Fixed CS issue reported in #36 and opened new MR to 11.x - setting back to needs review.
Comment #41
ericgsmith commentedAh - setting back to needs work. As was indicated in #26 the test is failing on SQLite.
Have triggered the additional pipelines for PostgreSQL and SQLite and it indeed is still failing with SQLite https://git.drupalcode.org/issue/drupal-3181013/-/pipelines/47013
Comment #42
driskell commentedI am putting this back into Needs Review because a failing test is impossible for SQLite due to a known issue (see #3349286). The test system online is MySQL so reproduces it correctly. You cannot test this locally with a SQLite database, it won't fail.
As for the other issues, #2371709 should be a follow on, it's a bit more involved. And hopefully at some point #3349286 can be looked at to fix the SQLite issue. But I don't feel either of these block this fix. The first improved it. The second is purely relating to local tests.
Comment #43
driskell commentedComment #44
ericgsmith commentedHaving also been meaning to come back to say we can almost certainly confirm this issue is what is responsible for the config shown as overridden.
Further investigation showed multiple errors in the logs that mysql had gone away over about 1 minute. We can also see higher than expected numbers of evictions in memcache during this period from a combination of high traffic and our memcache cache bin size being lower than what the site needed. Immediately after the mysql gone away logs we start seeing warning of missing fields that imply the field does not exist, and as mentioned in #40 this was visible via drush config status and resolved after a cache clear.
We are now running this patch in production now along side increasing the cache bin size of memcache.
Comment #45
driskell commentedI've updated the MR to include a skip for SQLLite and linked it to the issue about the double quoting that prevents the test from working.
Comment #46
driskell commentedSorry - that last pushed commit was to fix the URL to be correct issue
Comment #47
needs-review-queue-bot commentedThe Needs Review Queue Bot tested this issue. It fails the Drupal core commit checks. Therefore, this issue status is now "Needs work".
This does not mean that the patch needs to be re-rolled or the MR rebased.

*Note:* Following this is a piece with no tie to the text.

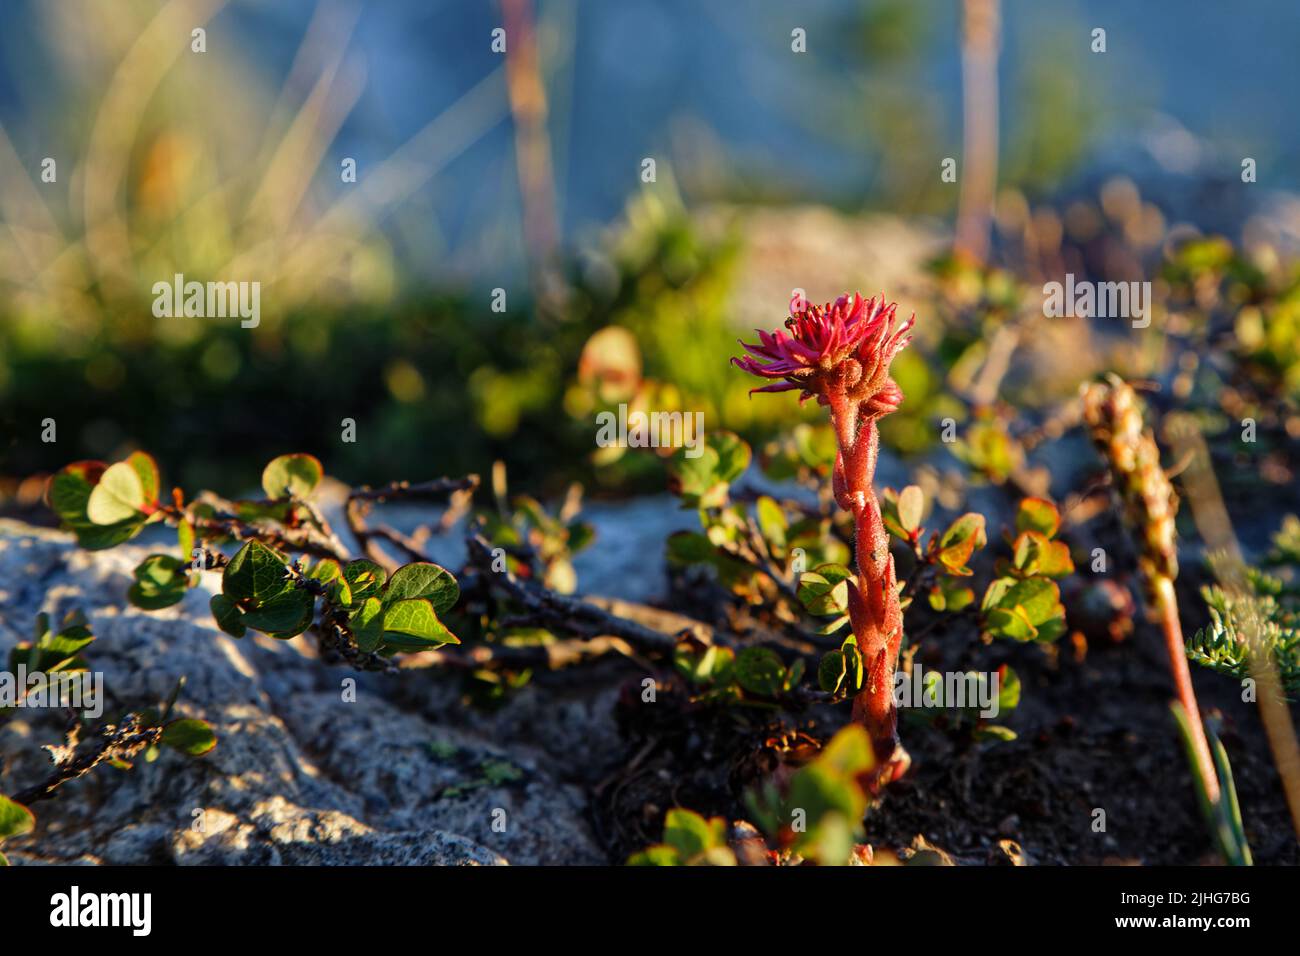 Sempervivum arachnoideum, the cobweb house-leek, a flowering plant in the family Crassulaceae, native to European mountains, in the Alps. Stock Photo

Read the Issue Summary, the issue tags and the latest discussion here to determine what needs to be done.
Consult the Drupal Contributor Guide to find step-by-step guides for working with issues.
Comment #48
driskell commentedResolve review queue bot issue
Comment #49
smustgrave commentedCan the 9.5.x MR be closed since D9 is EOL please
The other MR seems to have some test failures potentially.
Comment #50
driskell commented@smustgrave I rebased it to 11.x and updated the MR. Not sure how to update the other one so I kept my existing.
It skips the test for SQLite since it will fail due to the linked issue. But it successfully fails without the fix on MariaDB / MySQL and passes after the patch.
Comment #51
driskell commentedNot sure the test failures are related.
Comment #52
smustgrave commentedGlad switching targets didn't cause issues, usually changing that causes issues.

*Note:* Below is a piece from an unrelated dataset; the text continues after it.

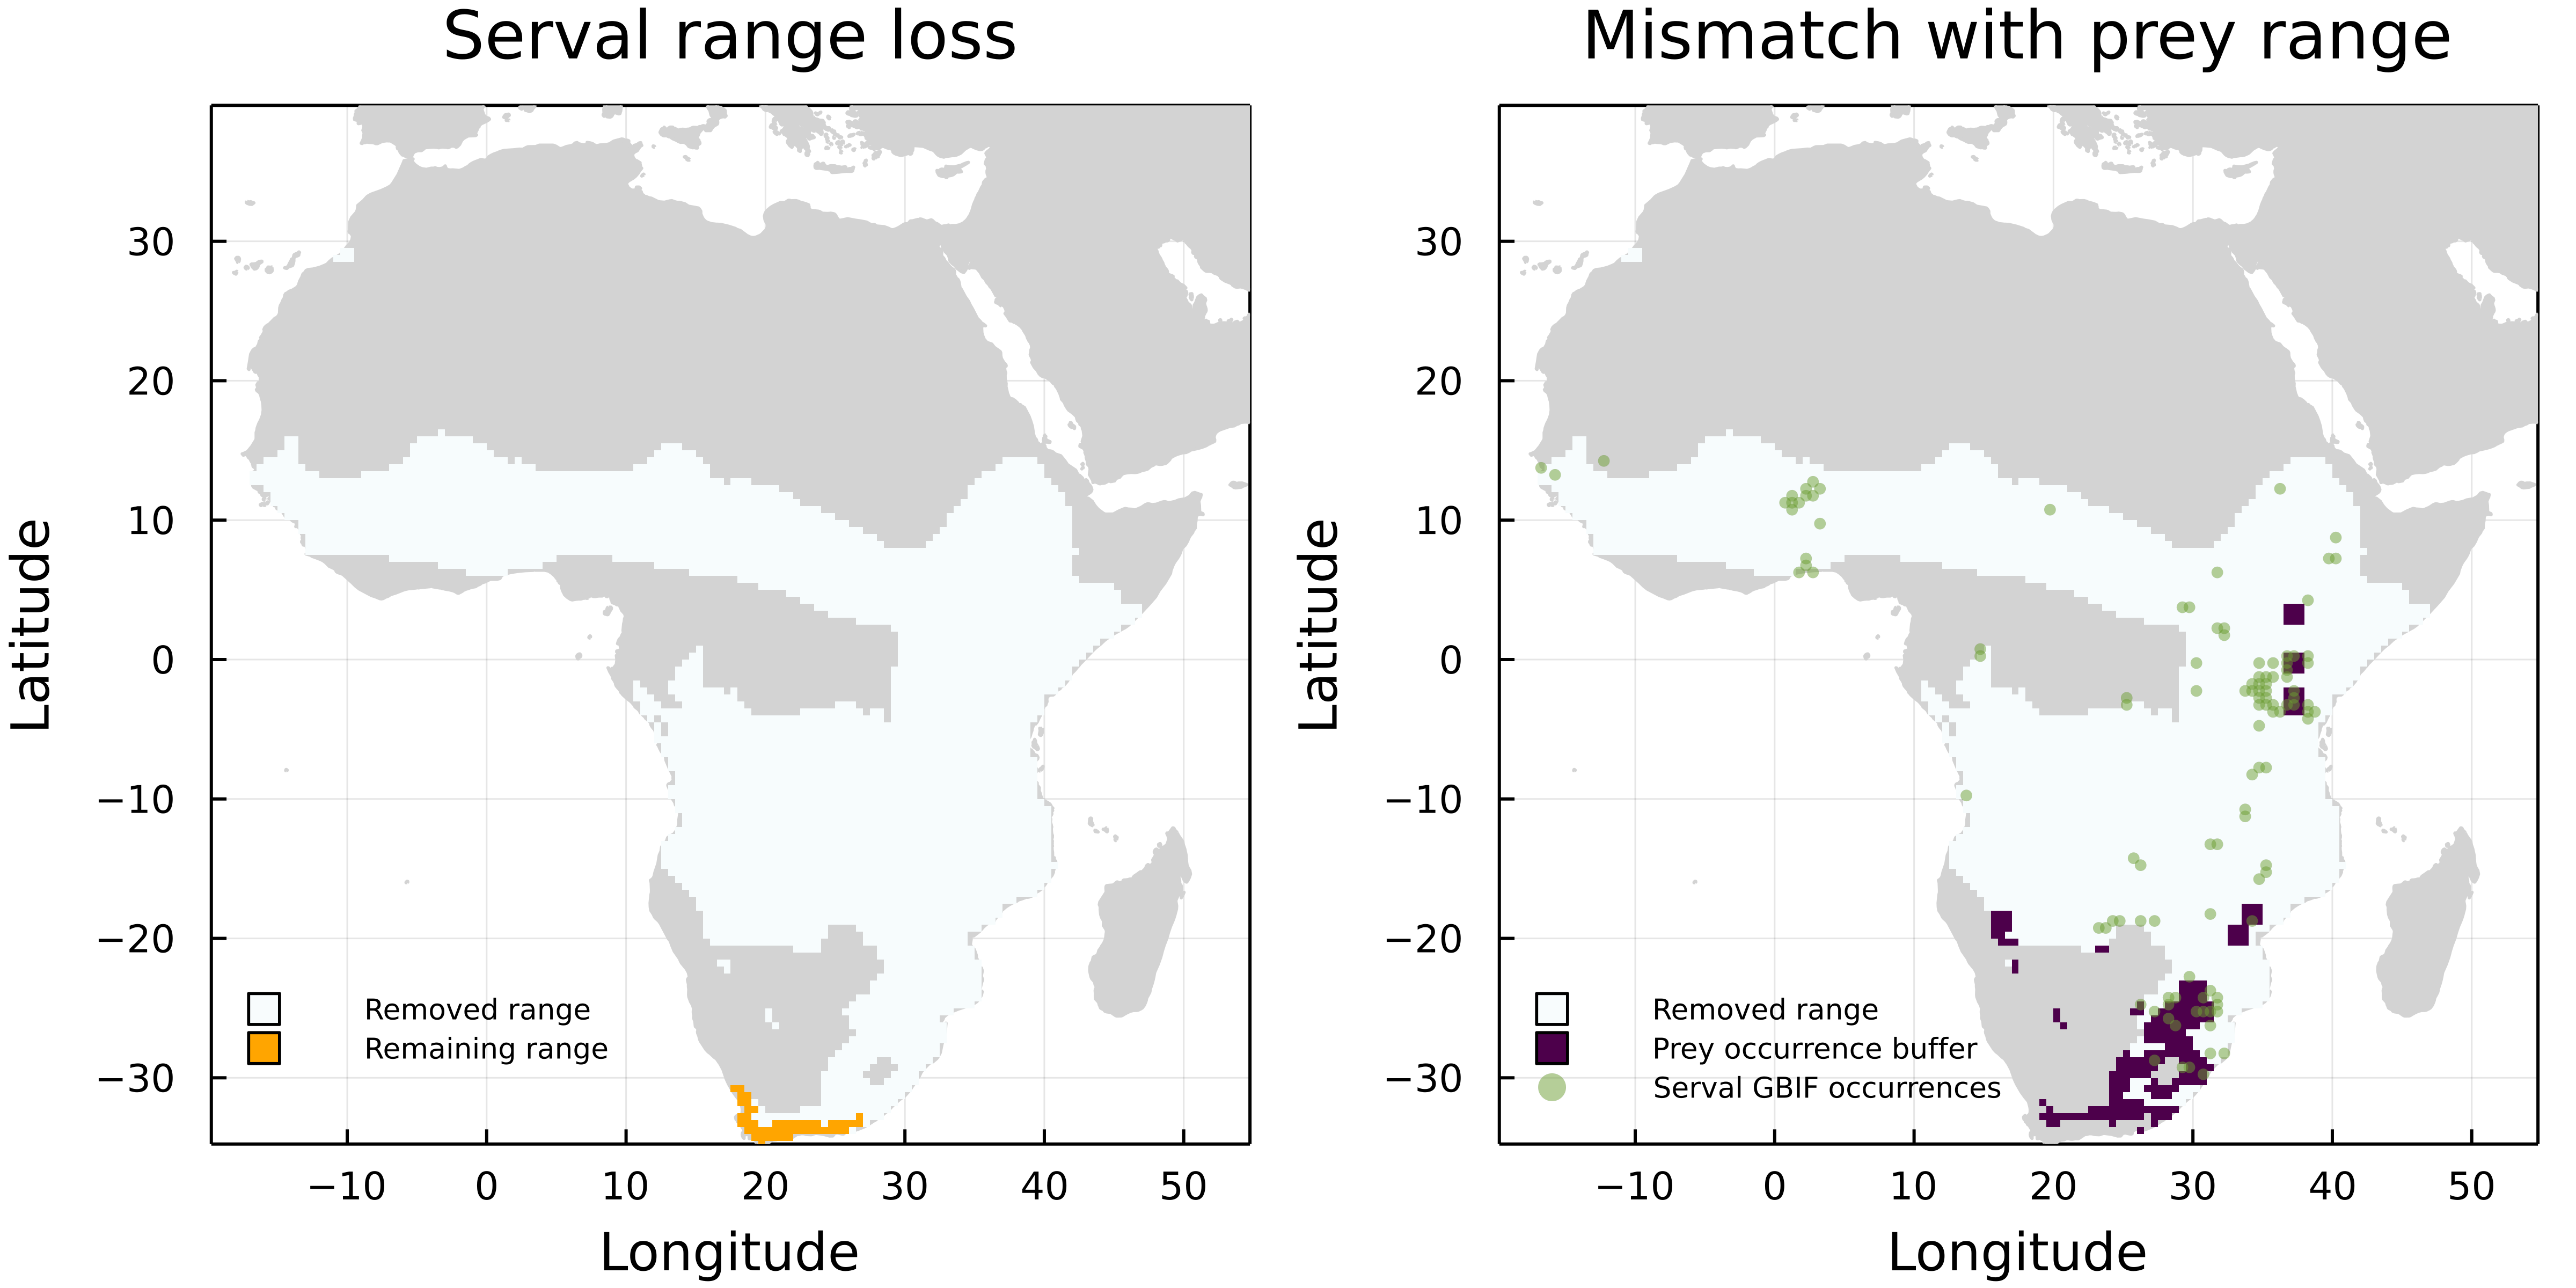 Figure 5: Mismatch between servals’ range loss and GBIF occurrence of its prey. The left panel shows the reduction of servals’ range when we consider the IUCN data of its prey. On the right panel, we added GBIF data on both serval and its prey, with a buffer for the prey to account for species mobility.

Checking the issue summary
Isn't a full solution, can the proposed solution be documented helps reviewers/committers.
Added missing sections too, left TBD for sections that may apply but not familiar with issue to know myself. If not applicable just change to NA.
Comment #53
driskell commented@smustgrave I updated issue summary. It was proposed resolution that was taken so I just dropped the not sure bit and I’ve updated other parts to reflect final status. Thanks for checking
Comment #54
driskell commentedAdded more detailed description of problem and solution to IS
Comment #55
smustgrave commentedThanks issue summary reads much better now!
Comment #60
catchCommitted/pushed to 11.x, cherry-picked to 10.2.x and 10.1.x, thanks!